Life Home & Garden

Wednesday 23 January 2019

Home economics: Sinead Ryan answers your property questions


Sinead Ryan

Sinead Ryan

I'm thinking of getting solar panels after visiting a house where the owners had them installed.

They were less obtrusive than I had imagined. Would it be very complicated, do I need permission and are there any grants available? Can the neighbours object?

A. There are great benefits to installing solar panels. Firstly, your heating bills can reduce and the SEAI offers grants up to €1,200 toward the cost (see if your house is pre-2006.

There are two types of panels: flat-plate collectors which are rigid box-like structures; they are cheaper but the hot water produced will be at a lower temperature.

Evacuated Tube Collectors are lighter on the roof and are more efficient, but they are more expensive to install.

Planning permission is generally not required for domestic installations under 12 sqm (and less than 50pc of the roof area, which is all the SEAI grant is available for in any event). As such, neighbours cannot lodge an objection to an exempted structure.

Six solar panels would normally be sufficient.

Electric Ireland says that installation is generally completed in a day and the output would result in savings of around €200 pa on energy bills.


Q. My son deals with my finances as I am elderly and have poor eyesight now. He pays my bills and collects the pension for me, and is really very good.
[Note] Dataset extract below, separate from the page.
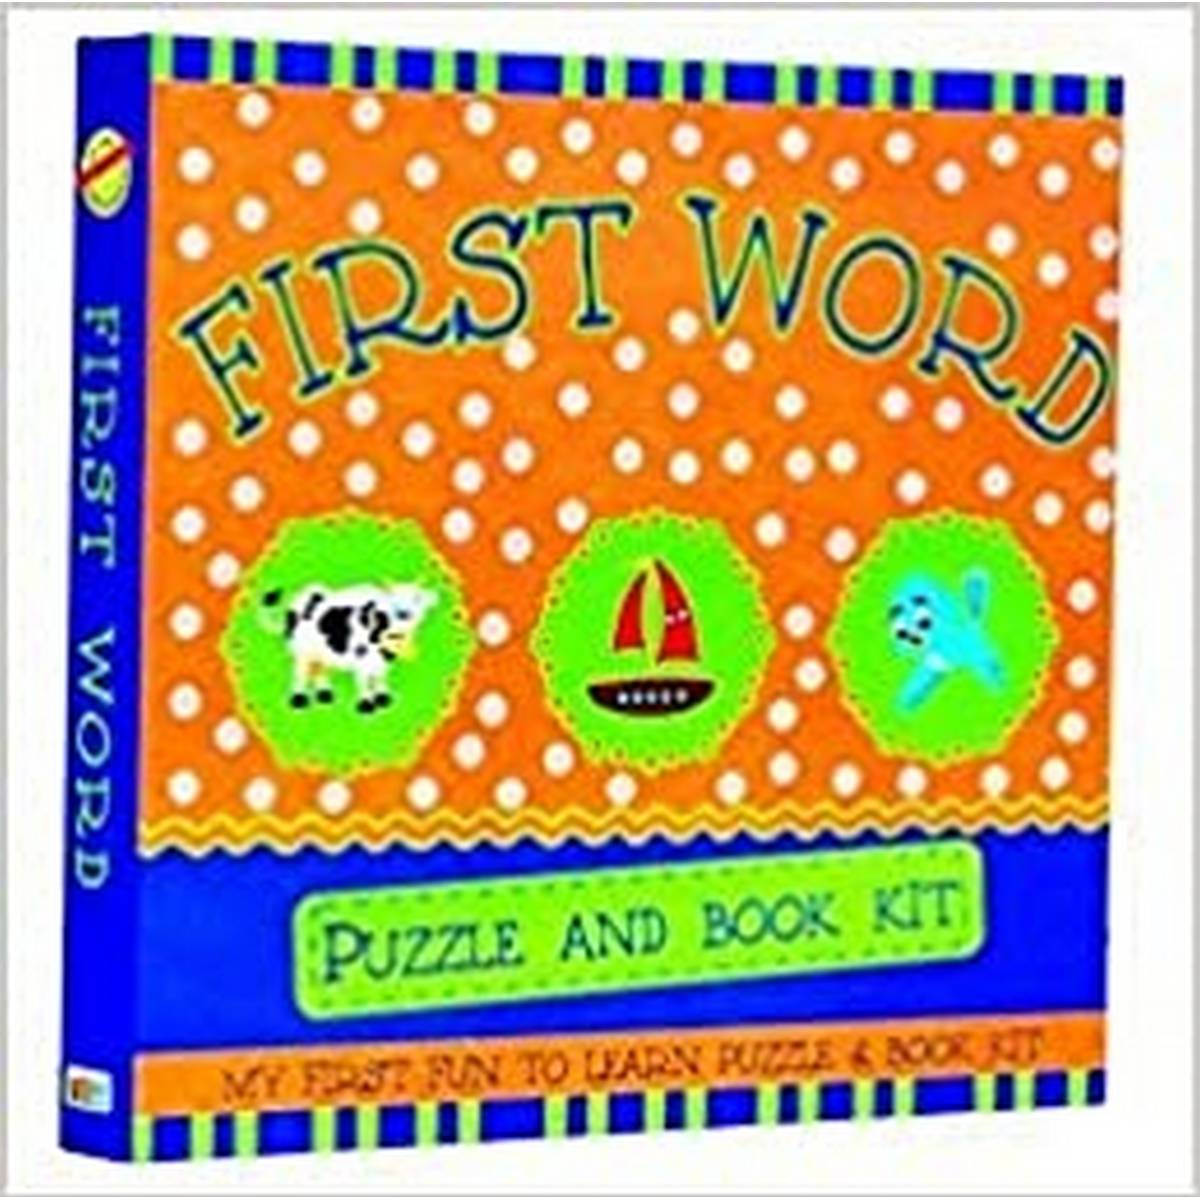 Puzzle & Book kit: first words

He has said to me that he thinks it's a good idea for us to have a joint bank account to make things easier as he can pay my bills and he also says it would save me a lot of tax if I transfer the house into his name while I continue to live here.

How would this work? I'm planning on leaving the house to him anyway as my daughter is married in Australia.

A. The fact that you contacted me suggests that despite your comfort in having your son nearby and willing to help out with your finances, you have some concerns. I think they are well founded. Although it's great he can help with bills, especially online transactions, there is a fine line between assisting and taking over.

From a tax point of view, there is absolutely no benefit in putting the house in his name now, irrespective of whether you continue to live there or not. Capital Acquisitions Tax (CAT) is payable whether a property is given as a gift (during the owner's lifetime) or left as a bequest in a will. The tax is 33pc on any amount over €310,000, either way. Who you leave it to, is entirely your own business.

I'm not suggesting he is hood-winking you, but it might be wise to ask him for his thinking around this, and perhaps agree to you both visiting a solicitor together to get advice and not least, to make a will if you have not already.

Justin Moran from Age Action Ireland adds: "I think you should be very careful about some of the suggestions, no matter how well-intentioned. Joint bank accounts are also something to be cautious about. It means that your son would be able to spend your money without needing your permission and while your relationship with him is clearly very good, this is your money and it's important to ensure it is being spent appropriately.

"There have been a number of cases of financial elder abuse where older people have lost money and property because they transferred ownership or gave control of their finances to someone else. I'm sure your son will understand why you need to be careful about making decisions like these".


The Ryan Review

Banks operate, quite rightly, under strict mortgage lending rules these days, with the Central Bank overseeing them. Holding firm on Loan-to-Income requirements, for instance, is seen as vital to avoid another financial crisis down the road.

The maximum therefore it is deemed prudent to lend, is no more than 3.5 times income. Applications are scrutinised for ability to pay and rejected if stress testing is not met. This means less than a third of household outlay will be on mortgage payments, in line with the rest of Europe. These rules are enforced by our legislature, and the Government roundly welcomed them when introduced.

So, what are we to make then of the same Government operating state-backed lending for sub-prime applicants rejected by banks for mortgages based on those very sound grounds?

The Rebuilding Ireland Home Loan offers mortgages up to 5.5 times Loan-to-Income, and only to applicants who have failed, at least twice, to persuade an ordinary lender to give them a mortgage. The taxpayer is underwriting it, so when these loans default (as a large proportion of them most assuredly will, given the figures from other sub-prime lenders), it is you and I who will be picking up the tab. The mortgages don't fall under Central Bank rules, nor oversight, nor indeed MARP. In other words, it is a terrible idea, which is against the rules. If the rules applied.

The only saving grace about the scheme is that it won't work. The limits on house values (€250,000 - €320,000) are far too tight given the lack of supply. Indeed, the only drawdowns will be on self-builds down the country. Now why would Fine Gael want us to pay for that, eh? And how is the supply shortage addressed by saddling people who should not be given a loan, by giving them an extra large one? Answers on a post card.